▶ Assignment: Please make an exact copy of the lines from the one holding "Vasi da esterno" through the end of the data, both ends included, with no pictures.

(Data block Opens)

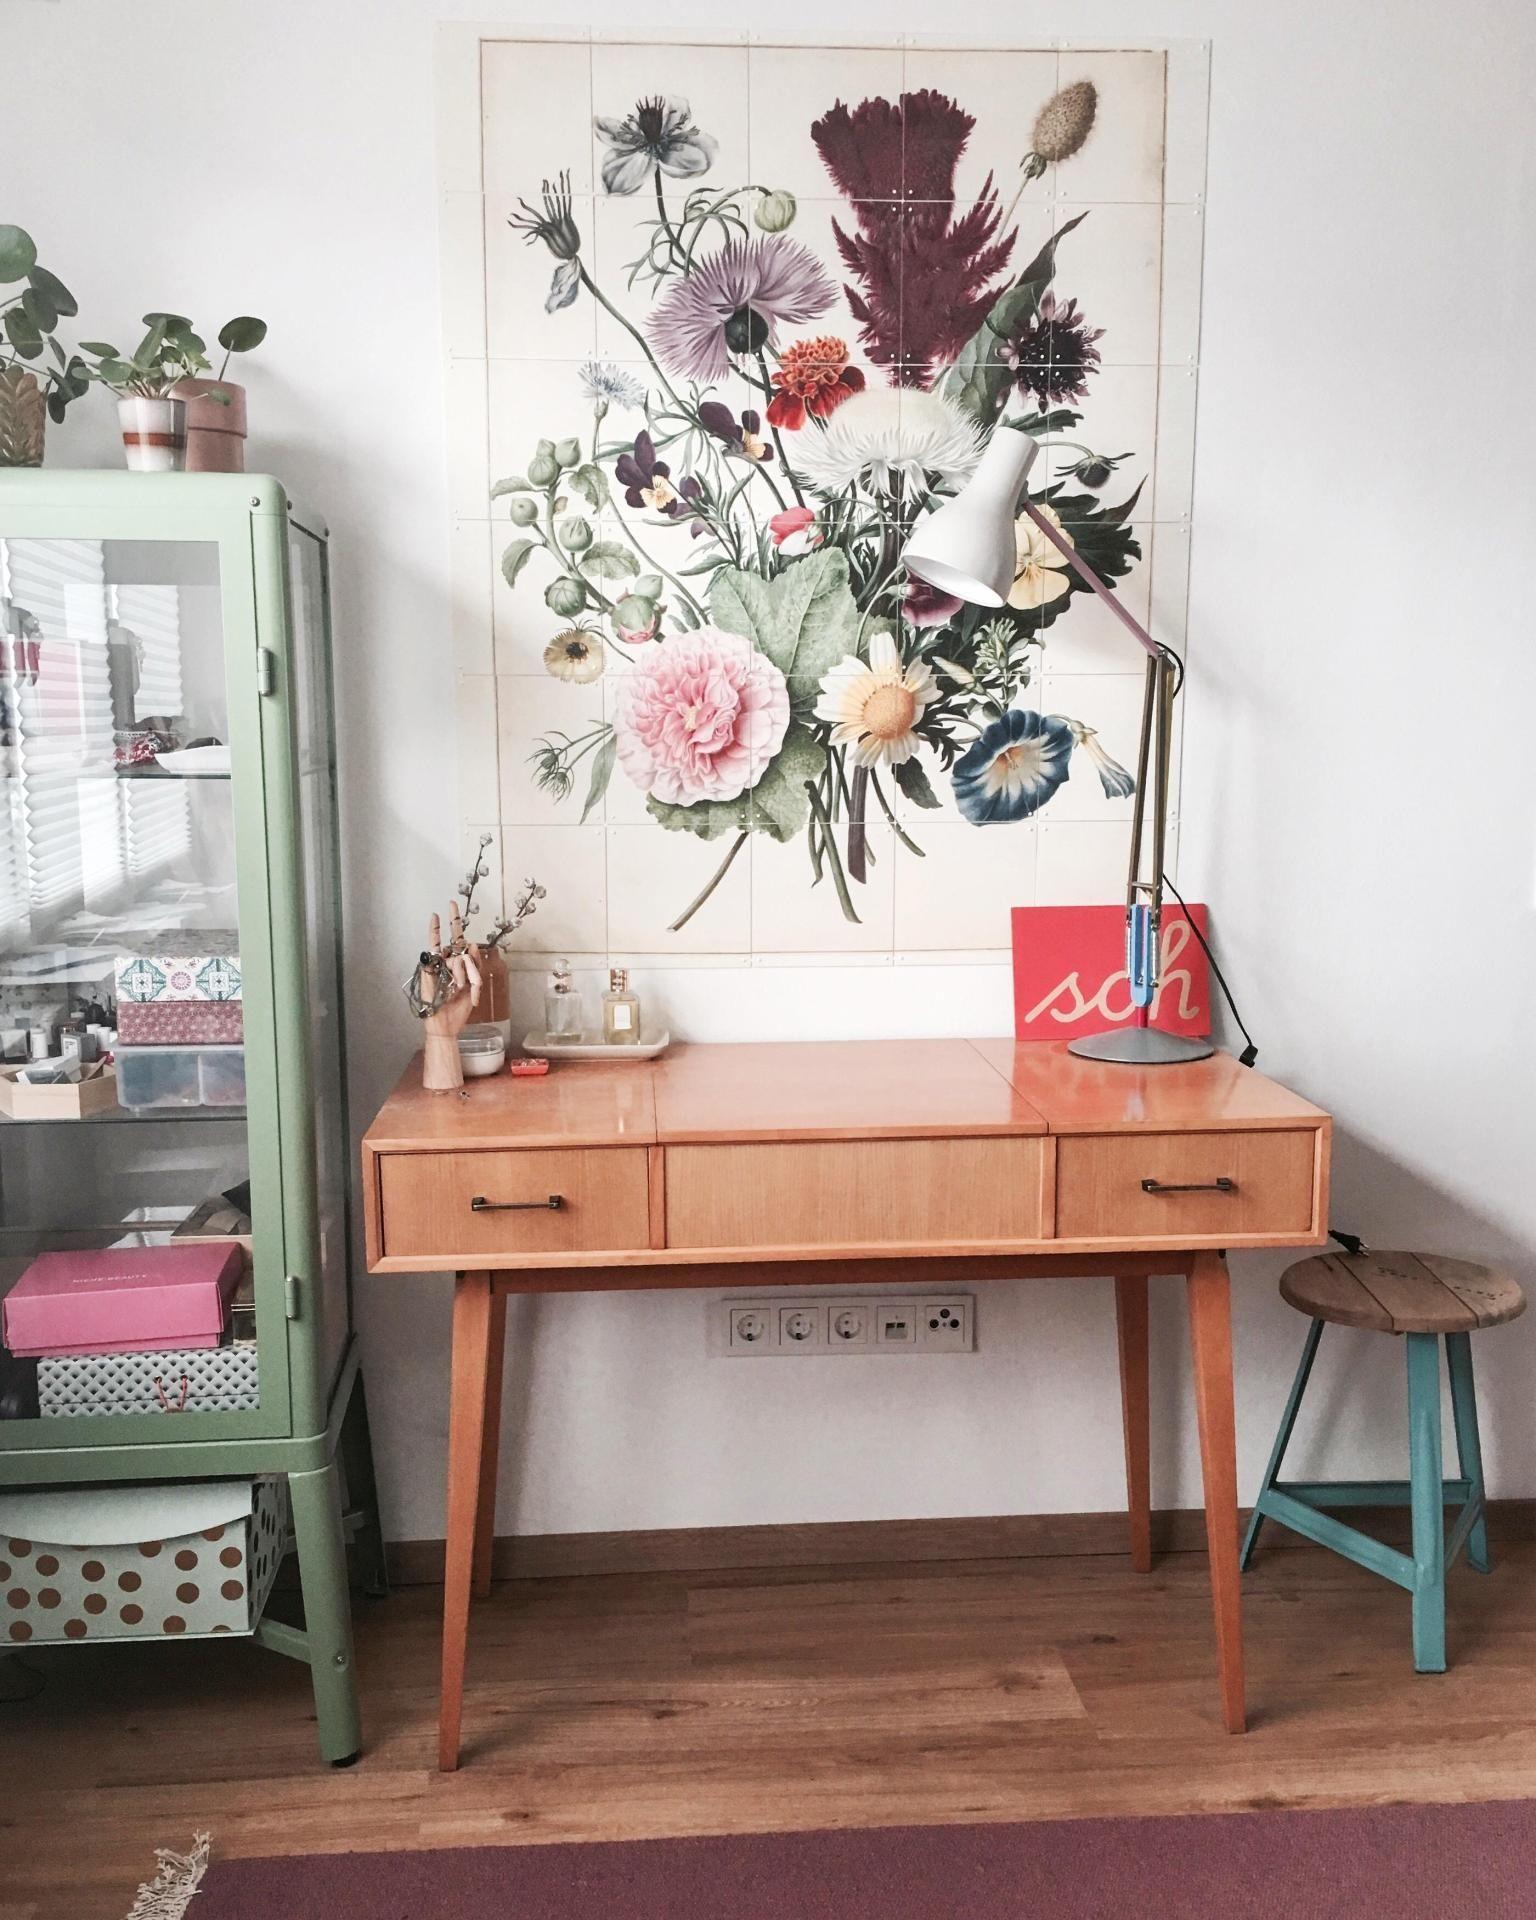 Vintage wohnideen ankleidezimmer  decor ideas  pinterest  home home decor and decor
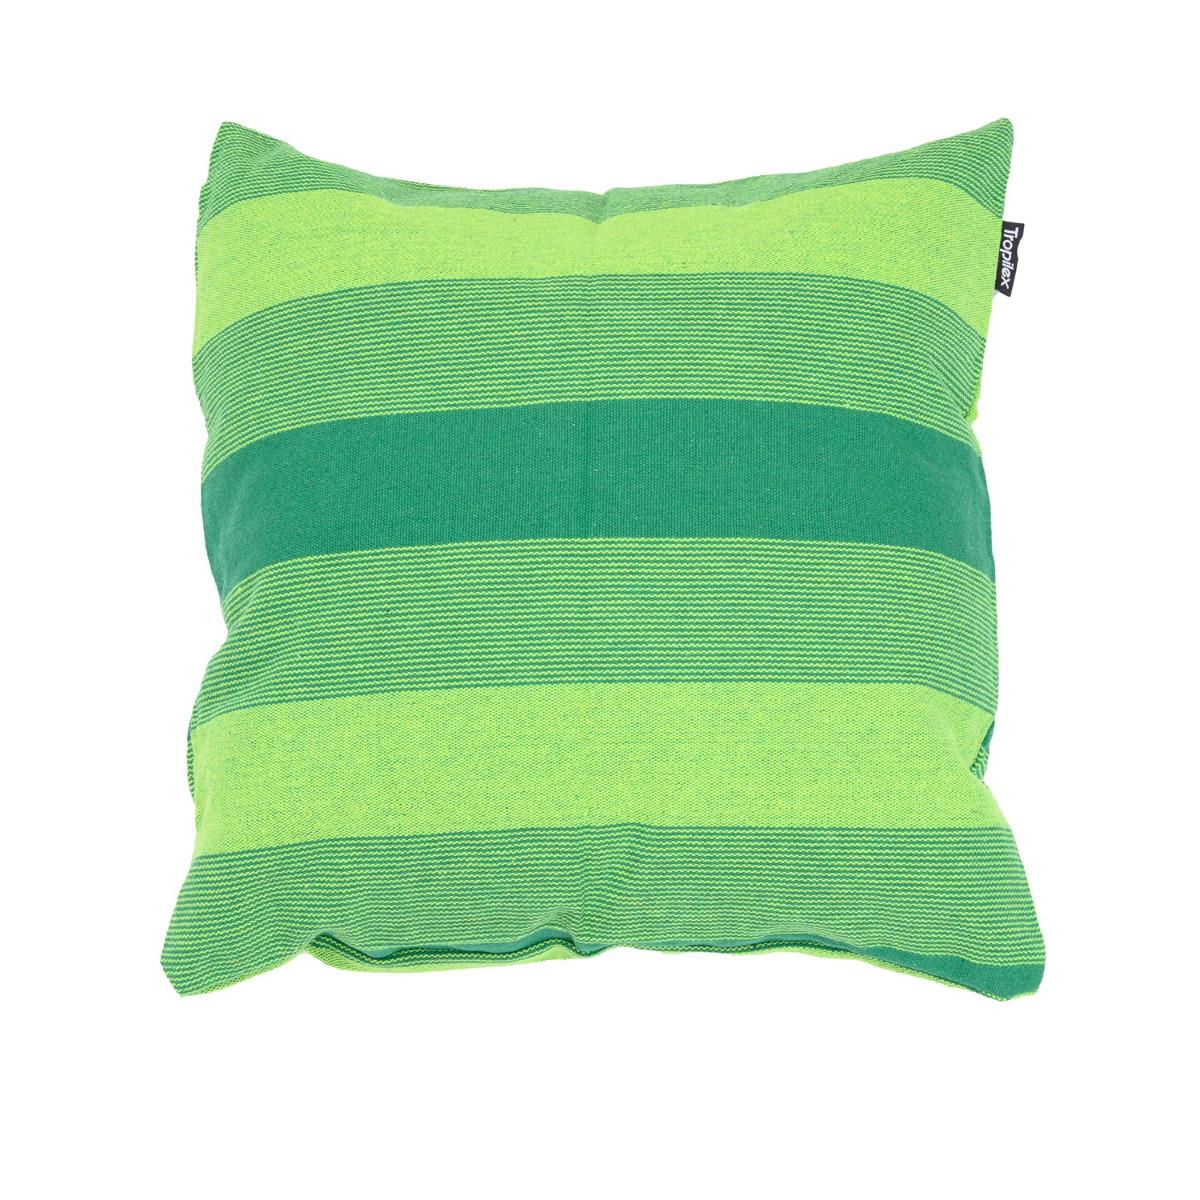 Kussen 'Dream' Green - Tropilex �
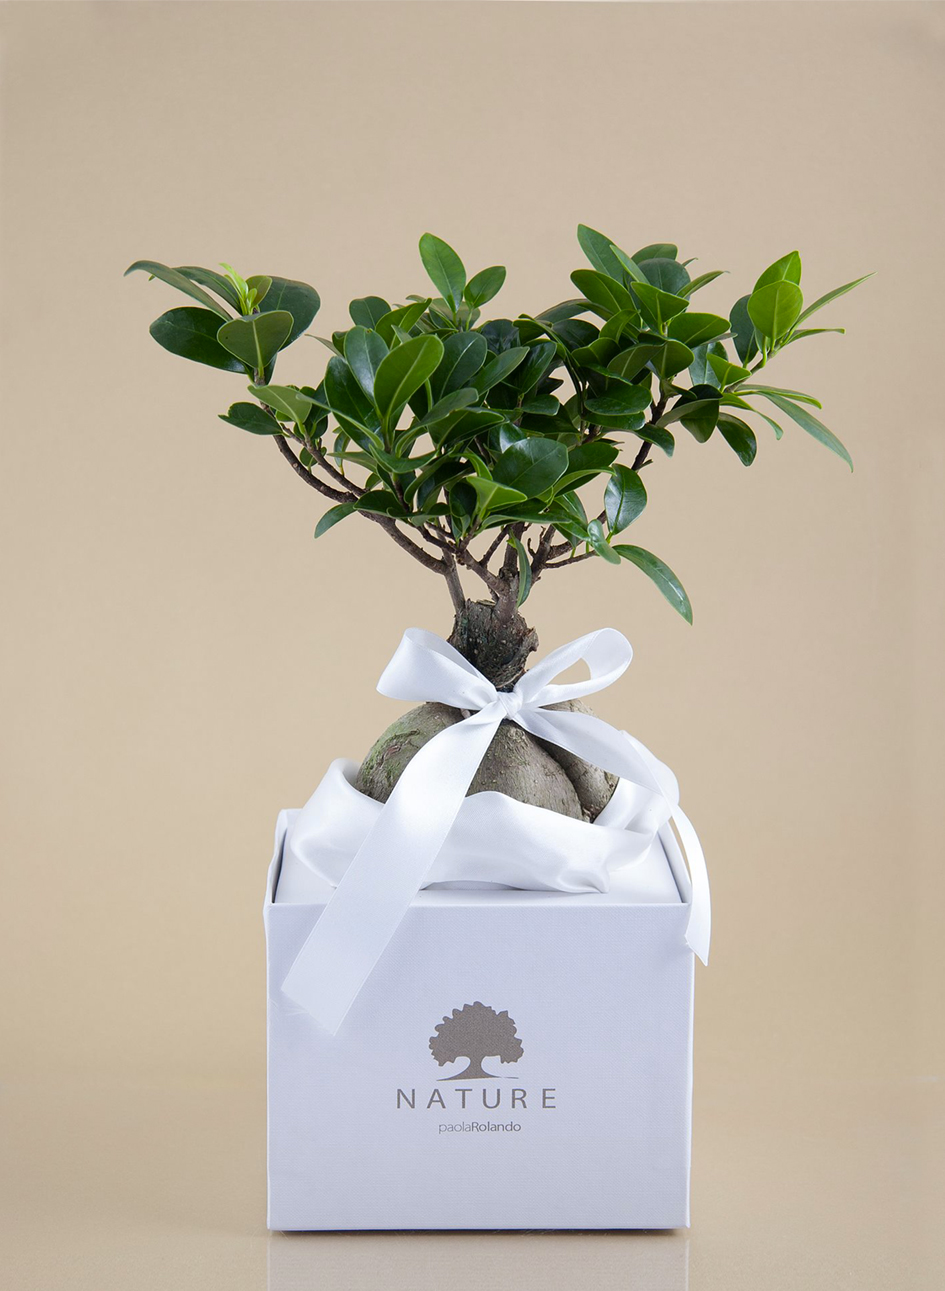 Vasi da esterno prezzi tavoli da giardino vermobil in for Vasi per bonsai prezzi
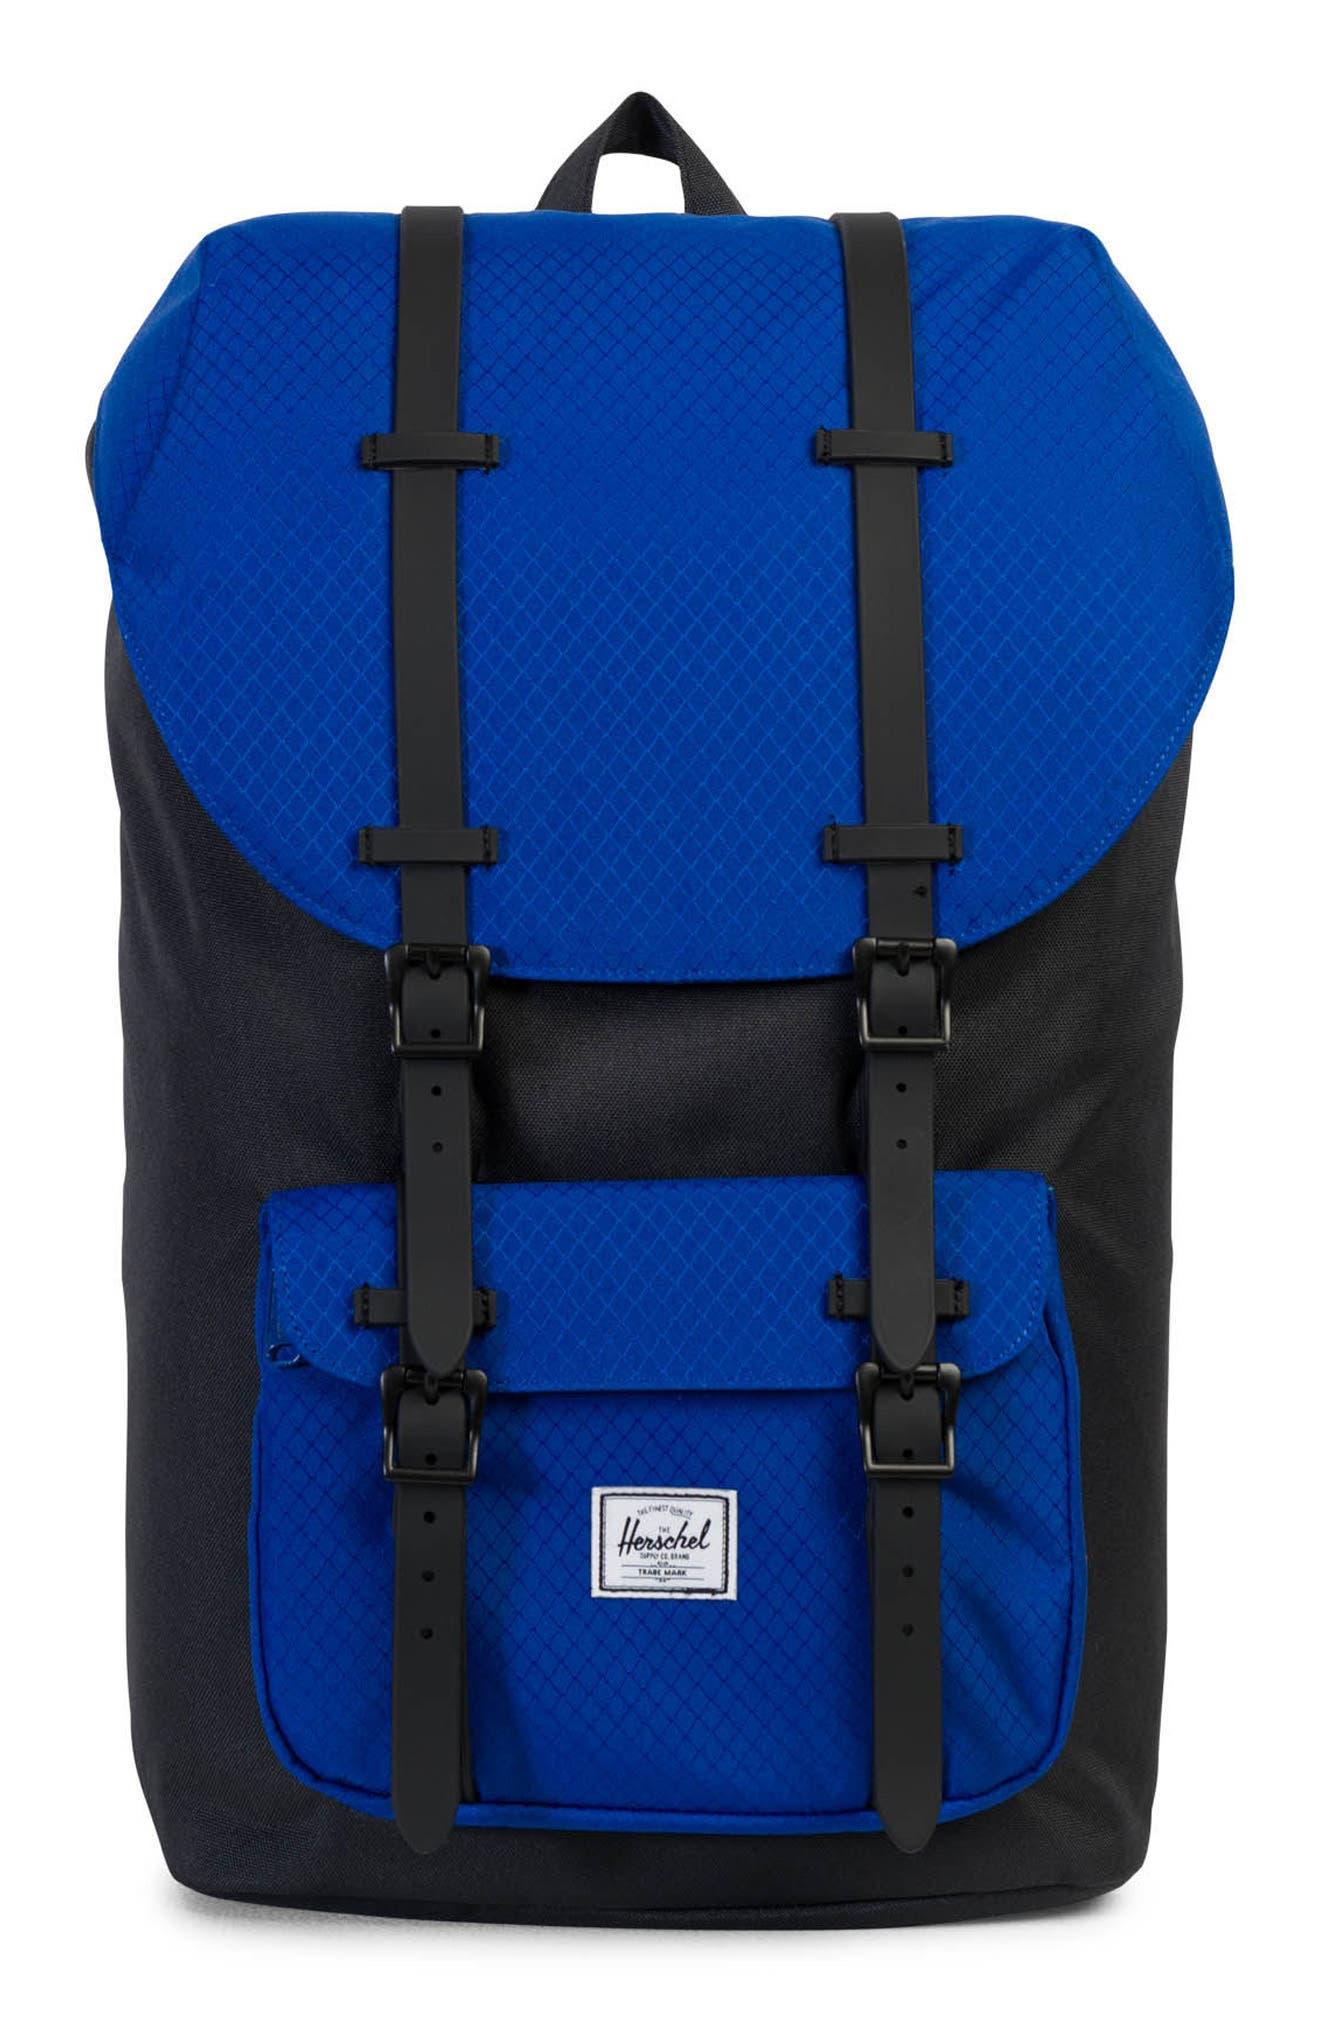 Alternate Image 1 Selected - Herschel Supply Co. Little America Contrast Backpack

(Data block Closes)

▶ Response area:
 Vasi da esterno prezzi tavoli da giardino vermobil in for Vasi per bonsai prezzi
 Alternate Image 1 Selected - Herschel Supply Co. Little America Contrast Backpack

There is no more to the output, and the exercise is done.